» Work item:
In the entries below, find the line with "Гдз решебник по" and the line with "Clavulina coralloides, conosciuto". Reproduce those two lines and every line between them exactly, and nothing more.

» Listed entries:
Start of Block
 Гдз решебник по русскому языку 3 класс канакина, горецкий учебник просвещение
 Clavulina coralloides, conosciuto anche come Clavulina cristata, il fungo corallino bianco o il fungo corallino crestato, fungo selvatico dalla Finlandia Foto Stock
End of Block
Start of Block
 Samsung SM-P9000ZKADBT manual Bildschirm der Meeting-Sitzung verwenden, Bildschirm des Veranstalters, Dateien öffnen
End of Block
» Solution:
 Гдз решебник по русскому языку 3 класс канакина, горецкий учебник просвещение
 Clavulina coralloides, conosciuto anche come Clavulina cristata, il fungo corallino bianco o il fungo corallino crestato, fungo selvatico dalla Finlandia Foto Stock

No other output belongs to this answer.